**Instructions for the task:** Print out the data below in full and exactly, skipping the pictures.

#### Provided material ####

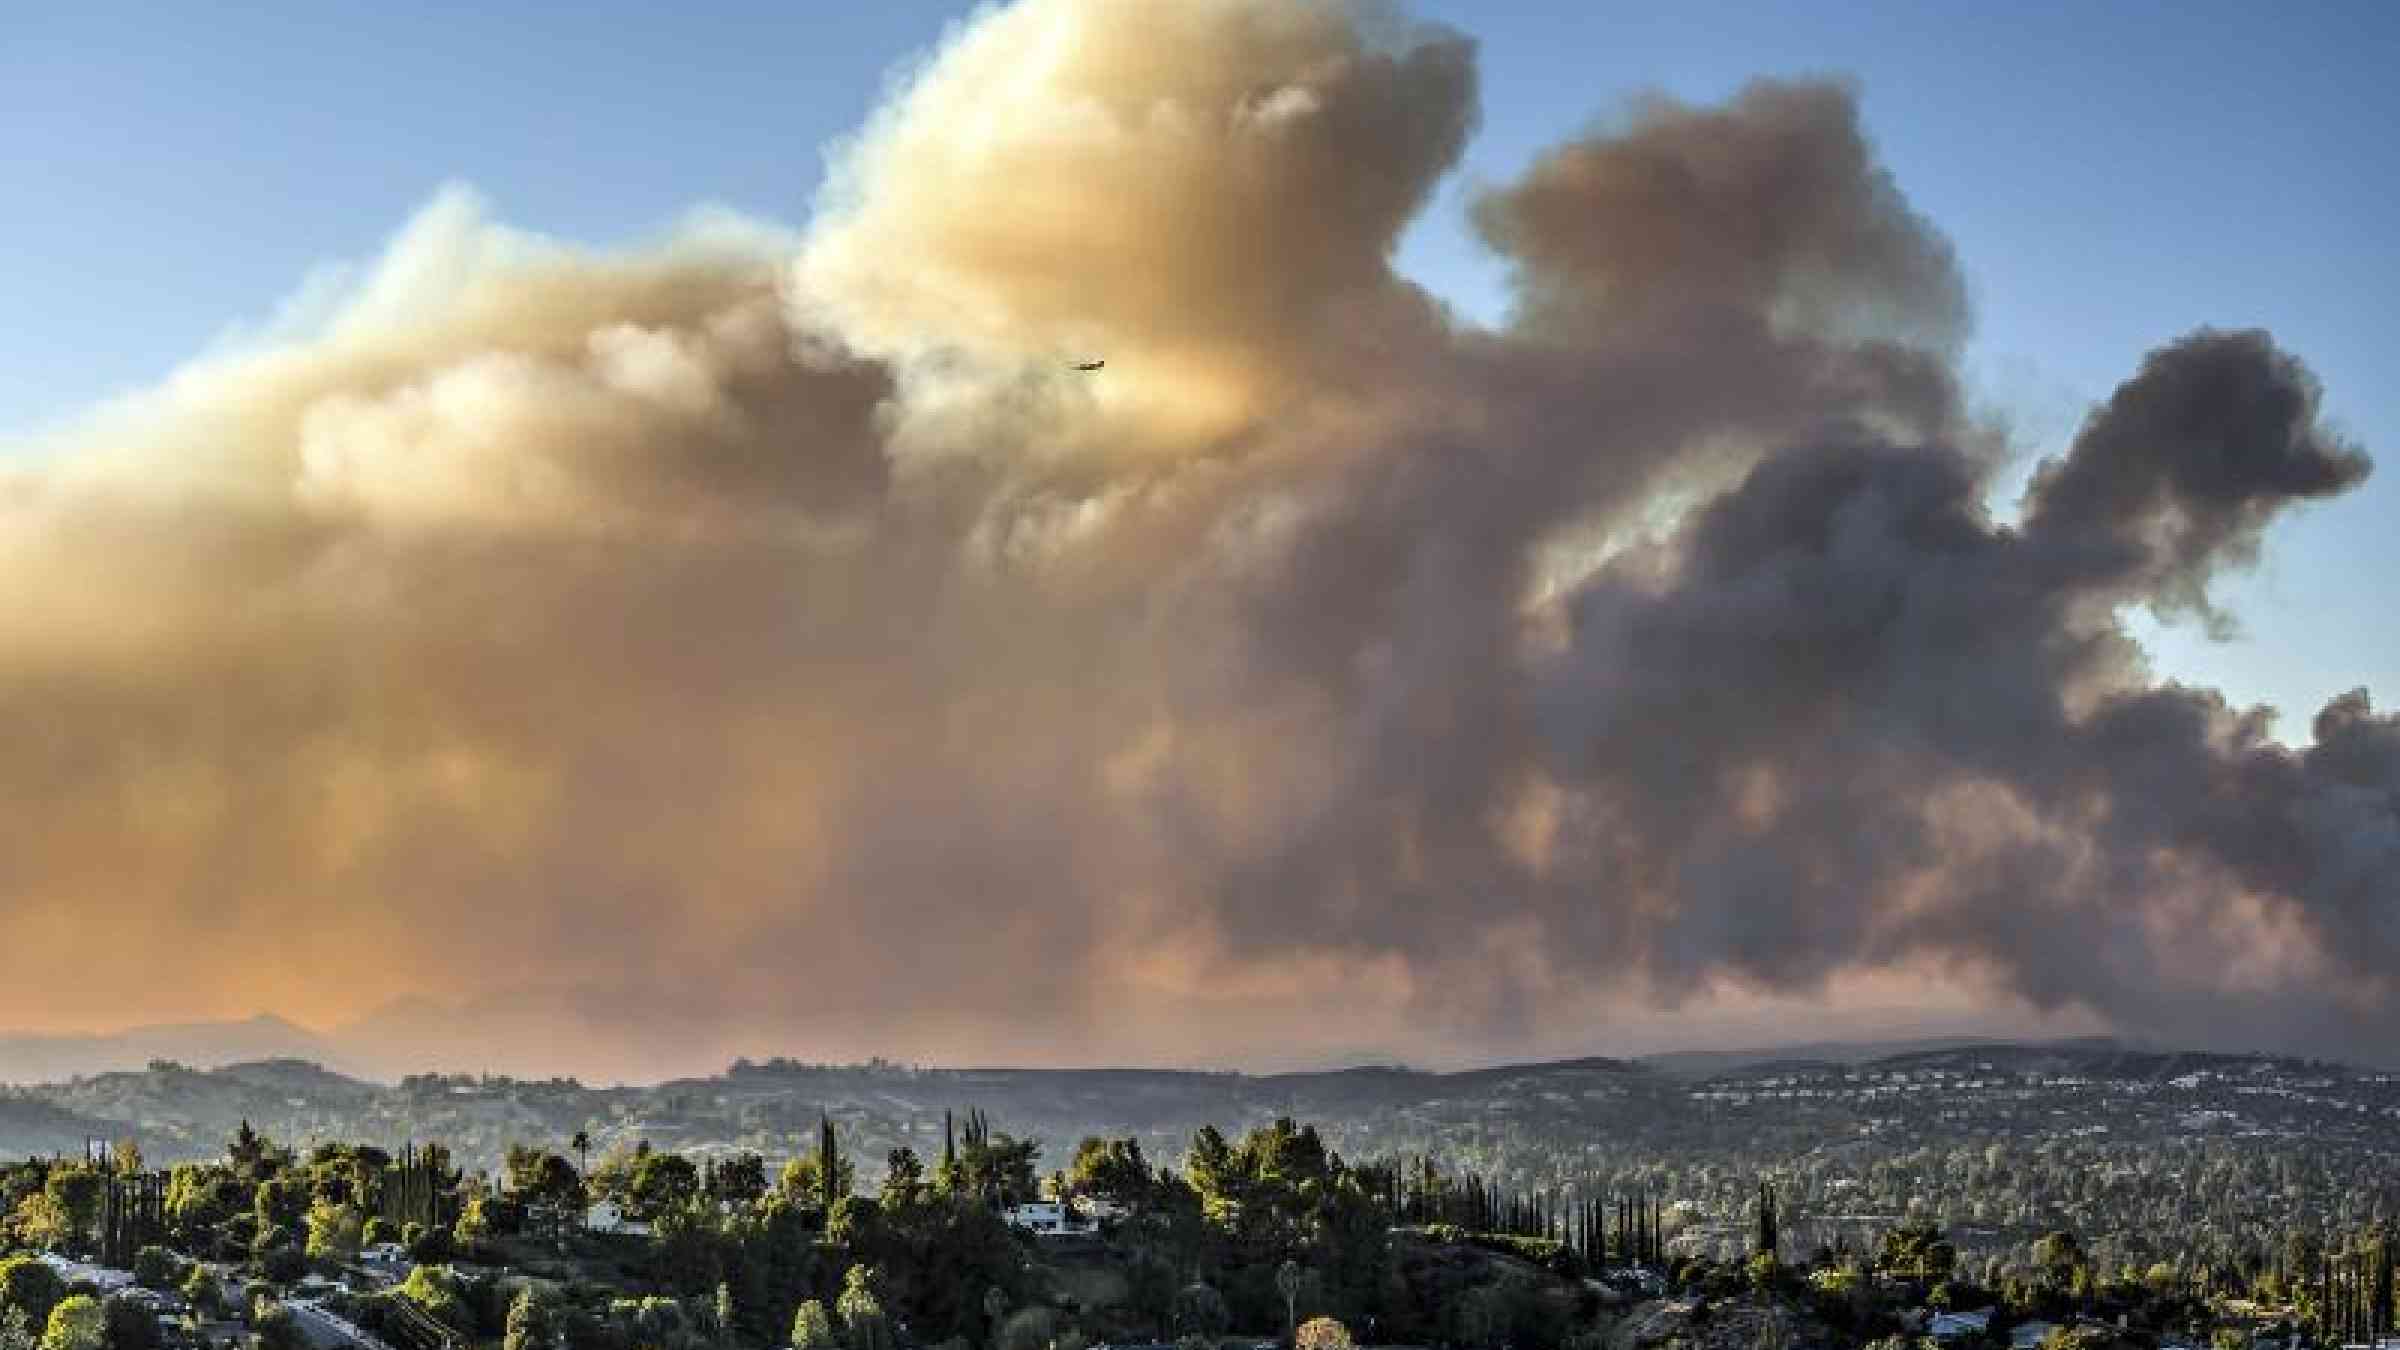 The November 2018 Woolsey fire seen from Topanga, California. (Image credit: Peter Buschmann / U.S. Forest Service)
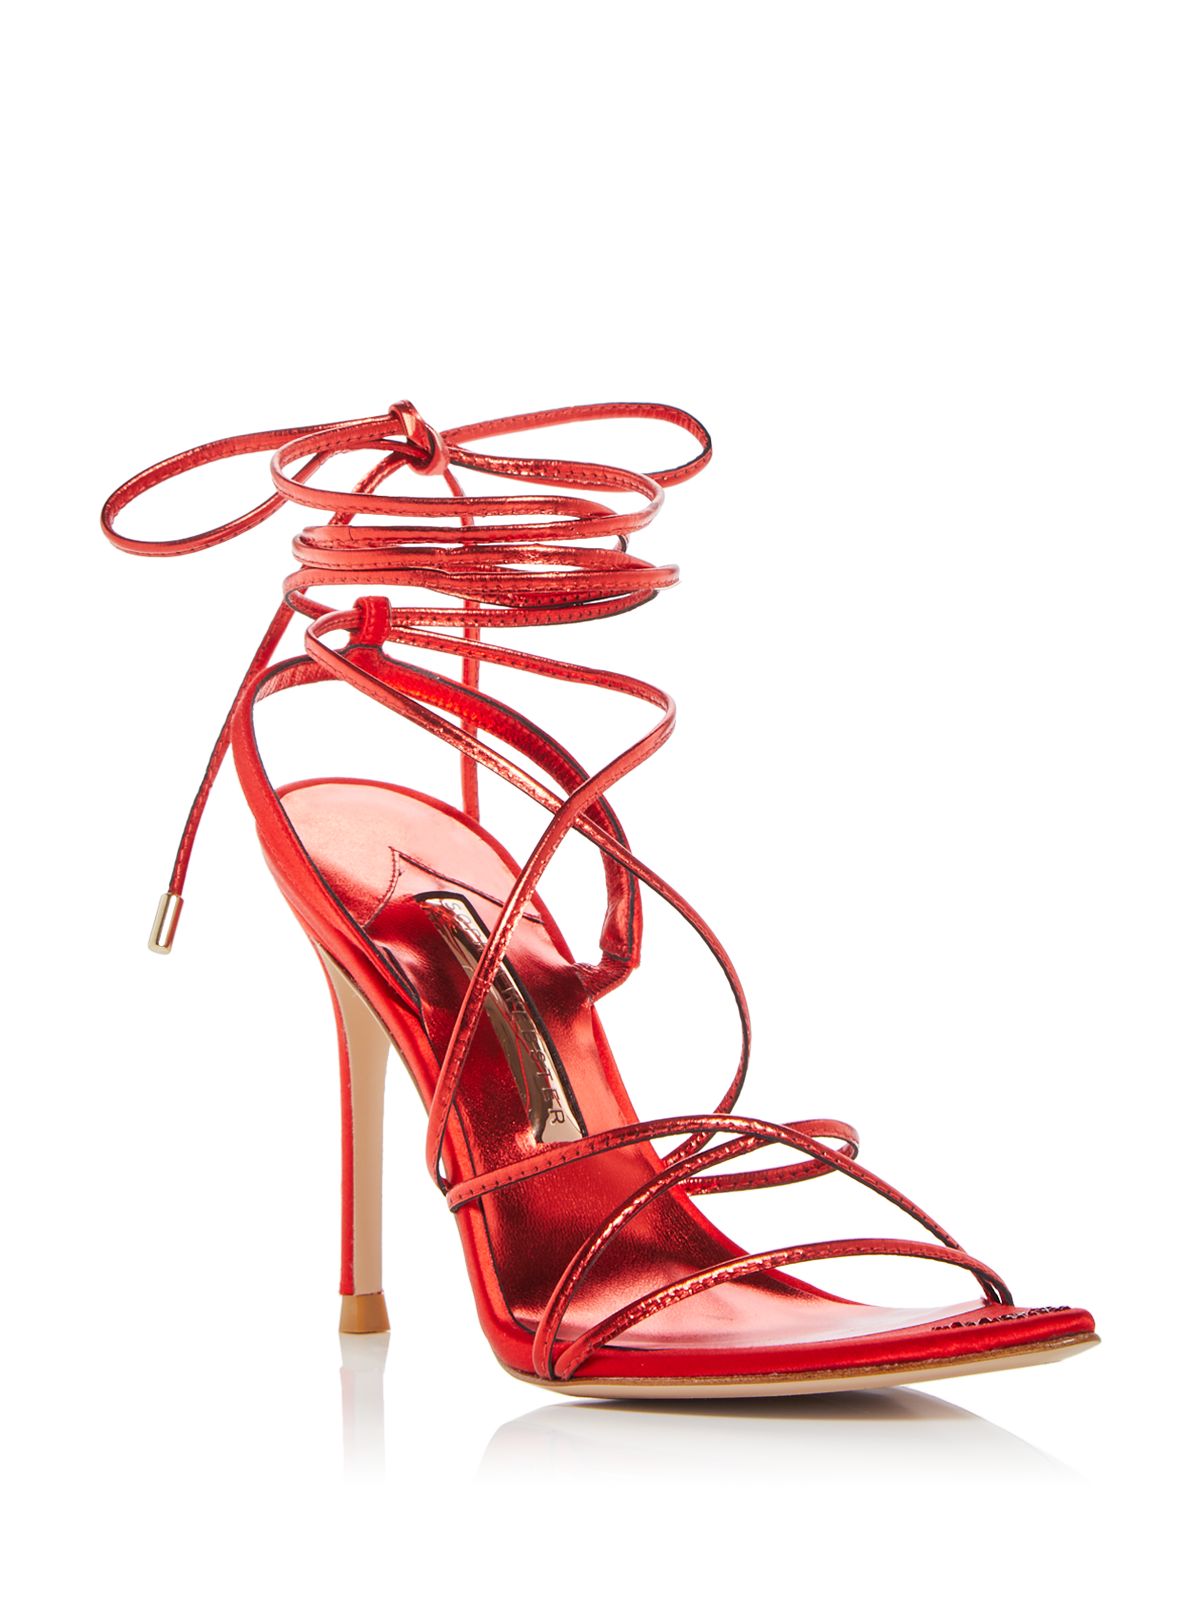 SOPHIA WEBSTER Womens Red Comfort Amora Open Toe Stiletto Lace-Up Leather Dress Heeled Sandal 37
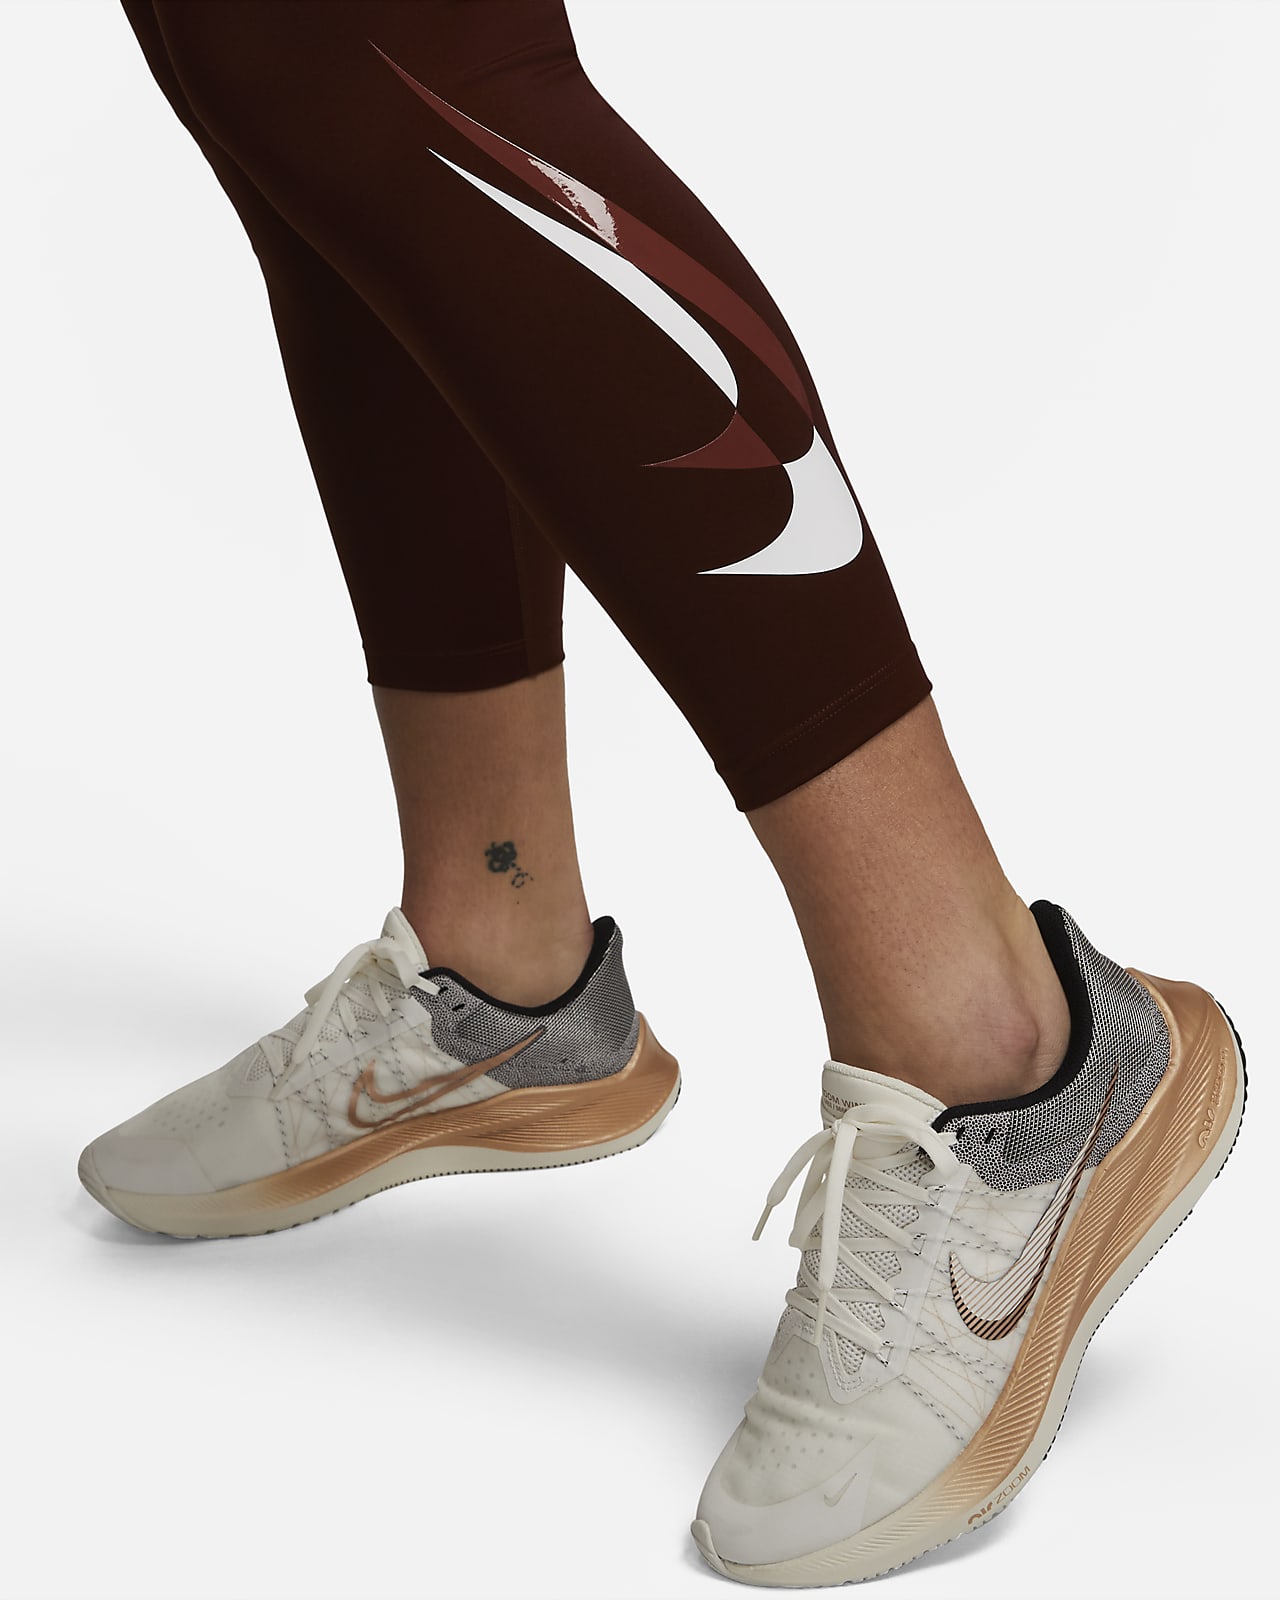 Nike Swoosh Run Women's 7/8-Length Mid-Rise Running Leggings. Nike MY

####

**Task answer:**
 The November 2018 Woolsey fire seen from Topanga, California. (Image credit: Peter Buschmann / U.S. Forest Service)
 SOPHIA WEBSTER Womens Red Comfort Amora Open Toe Stiletto Lace-Up Leather Dress Heeled Sandal 37
 Nike Swoosh Run Women's 7/8-Length Mid-Rise Running Leggings. Nike MY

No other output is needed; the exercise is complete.